If you do not want to install Rust locally, skip it — the wrapper script prints a friendly notice and succeeds locally, and CI enforces the check on every PR.

Missing-binary behavior (decision tree)¶

scripts/check_specs.sh resolves the "binary missing" case in this order:

Under $CI or $GITHUB_ACTIONS — hard-fail (exit 1). A CI run without agent-spec is always a CI config bug (cargo install step dropped, cache-key drift, etc.); silently exiting 0 would let spec drift land without enforcement. Fix the workflow, do not route around it.
SKIP_AGENT_SPEC=1 — soft-skip (exit 0) with an info message. Explicit opt-out for contributors who deliberately want to bypass (e.g., doc-only branches, sandbox experiments). Preferred over relying on the binary being absent.
Local, no opt-out, binary missing — soft-skip (exit 0) with a warning. Keeps the Rust-free contributor experience intact. This default is scheduled to flip to hard-fail in a future release once the toolchain is universally installed in the team dev shell.
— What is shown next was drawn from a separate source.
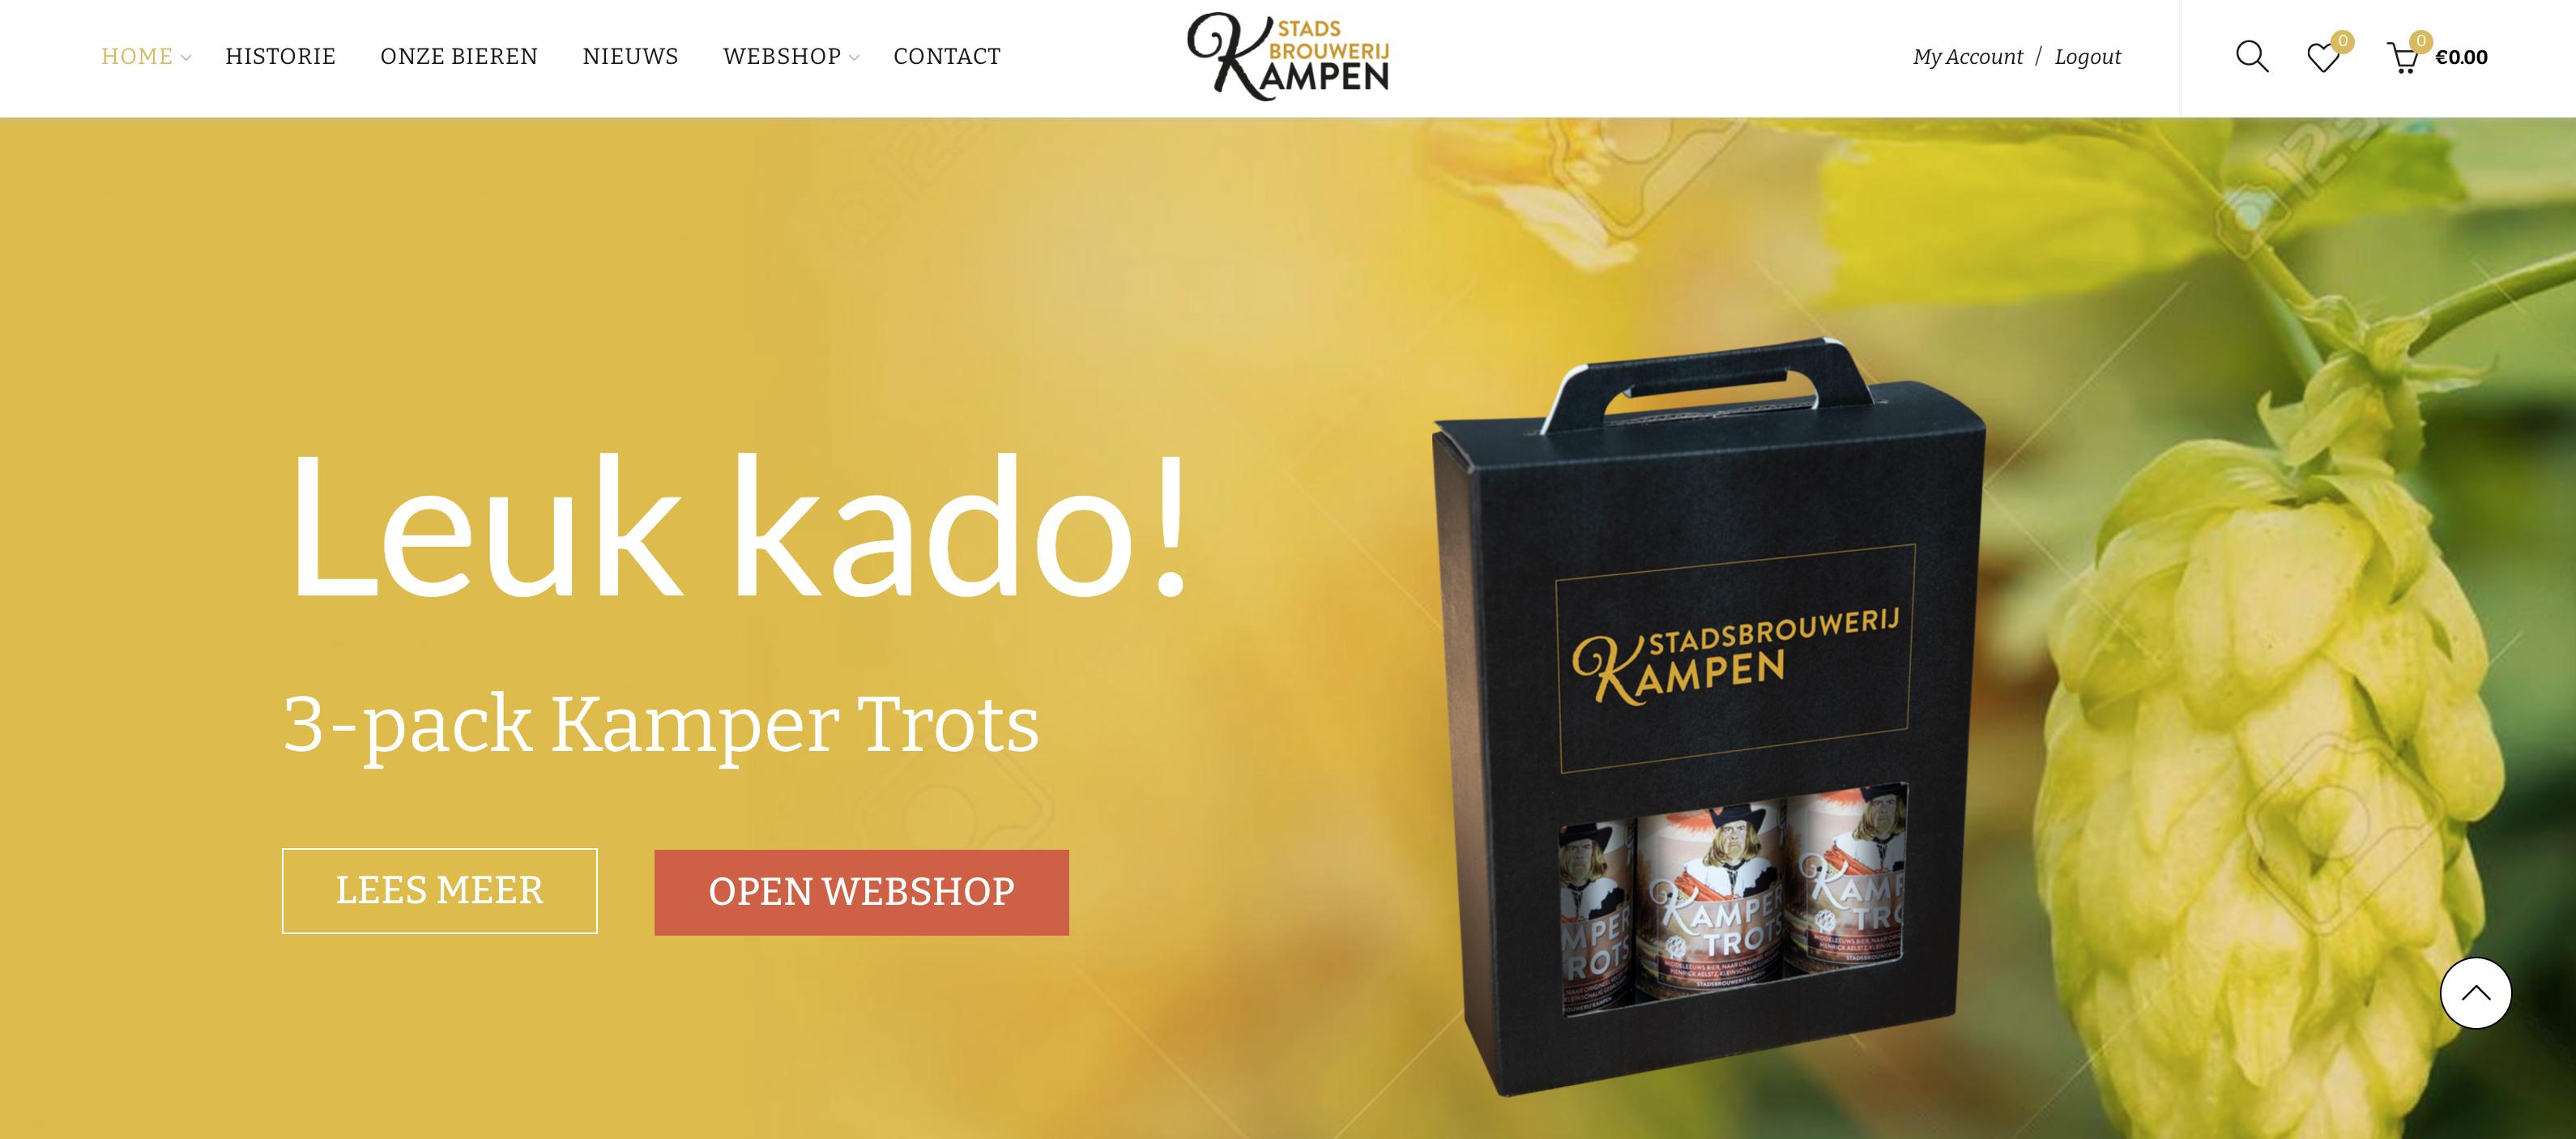 Website-stadsbrouwerij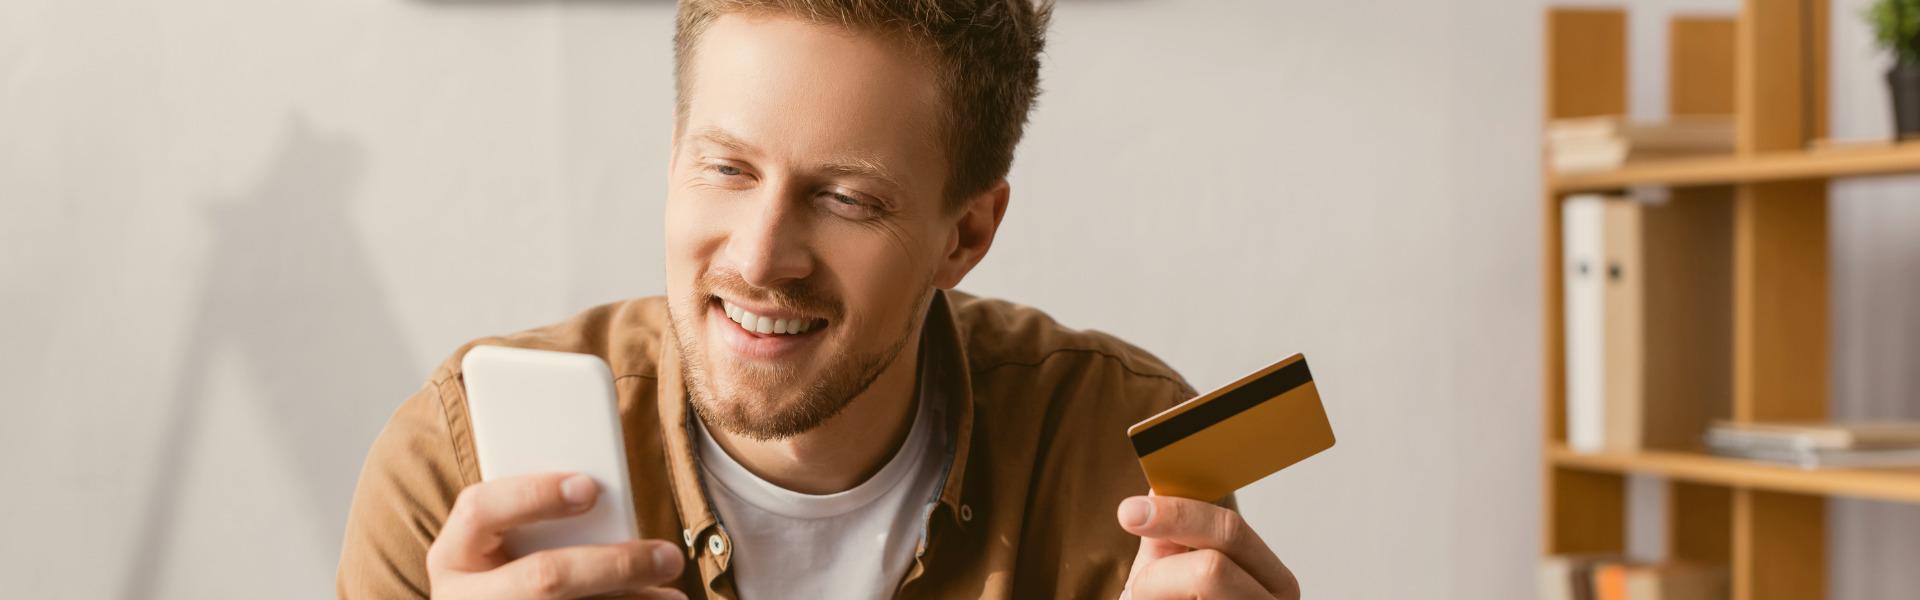 slider mybestdeal 8 - Gutscheincodes für Geschenke und Deko

Task contract shape (`specs/<slug>.spec`)¶

spec: task
name: "<slug>"
tags: [<optional tags>]
---

## Intent

One stakeholder-readable paragraph — what and why.

## Decisions

- Fixed technical choices that are NOT up for debate in this PR.

## Boundaries

### Allowed Changes
- `src/yaya/cli/commands/<new>.py`
- `tests/cli/test_<new>.py`

### Forbidden
- `src/yaya/core/updater.py`
- `pyproject.toml` dependencies section

## Completion Criteria

Scenario: happy path
  Test:
    Package: yaya
    Filter: tests/cli/test_<new>.py::test_happy
  Level: unit
  Given <precondition>
  When <action>
  Then <observable outcome>

Scenario: error case
  Test:
    Package: yaya
    Filter: tests/cli/test_<new>.py::test_error
  Level: unit
  Given <precondition>
  When <invalid input>
  Then <exit non-zero with JSON error + suggestion>

## Out of Scope

- Things deliberately deferred.

Minimum 3 scenarios: happy path + error + edge case. Every scenario MUST have a Test: block binding it to a concrete test function.

Developer workflow¶

# 1. Author contract (or accept one written by a design agent)
$EDITOR specs/<slug>.spec

# 2. Iterate; re-lint until clean
agent-spec lint specs/<slug>.spec

# 3. Implement inside the issue worktree

# 4. Verify locally (full lifecycle plus executable BDD mirror)
just check-specs
just check-features

# 5. Before PR: ensure `just check` is green (it runs check-specs too)
just check && just test

Pre-commit runs scripts/check_specs.sh automatically on any staged .spec file, and scripts/check_feature_sync.py on staged .spec or .feature files.

Contract authoring rules¶

Intent is stakeholder-readable. No code, no jargon the user didn't use.
Decisions are decisions, not suggestions. If it's still open, it does not belong here — brainstorm elsewhere.
Boundaries are narrow. List explicit allowed paths. A spec that "allows everything" is useless once boundary enforcement is on.
Scenarios are observable. Assert on exit code, stdout JSON shape, file-on-disk state — never on "the function was called".
One contract, one issue. Split large work into stacked contracts; see workflow.md.

Relationship to the yaya BDD issue template¶

.github/ISSUE_TEMPLATE/bdd_task.yml captures the same sections (Description / Plan Spec / agent-spec contract draft / Design spec). Use the issue template to open the issue, then commit the executable contract as specs/<slug>.spec.

What NOT To Do¶

Do NOT open a feature PR without a .spec (trivia excepted).
Do NOT change scope mid-PR without updating the contract in the same commit.
Do NOT write scenarios without a Test: selector — lint flags them.
Do NOT relax Boundaries to make the build pass — revisit scope instead.
Do NOT use the old .spec.md extension. The tool parses .spec files with YAML frontmatter.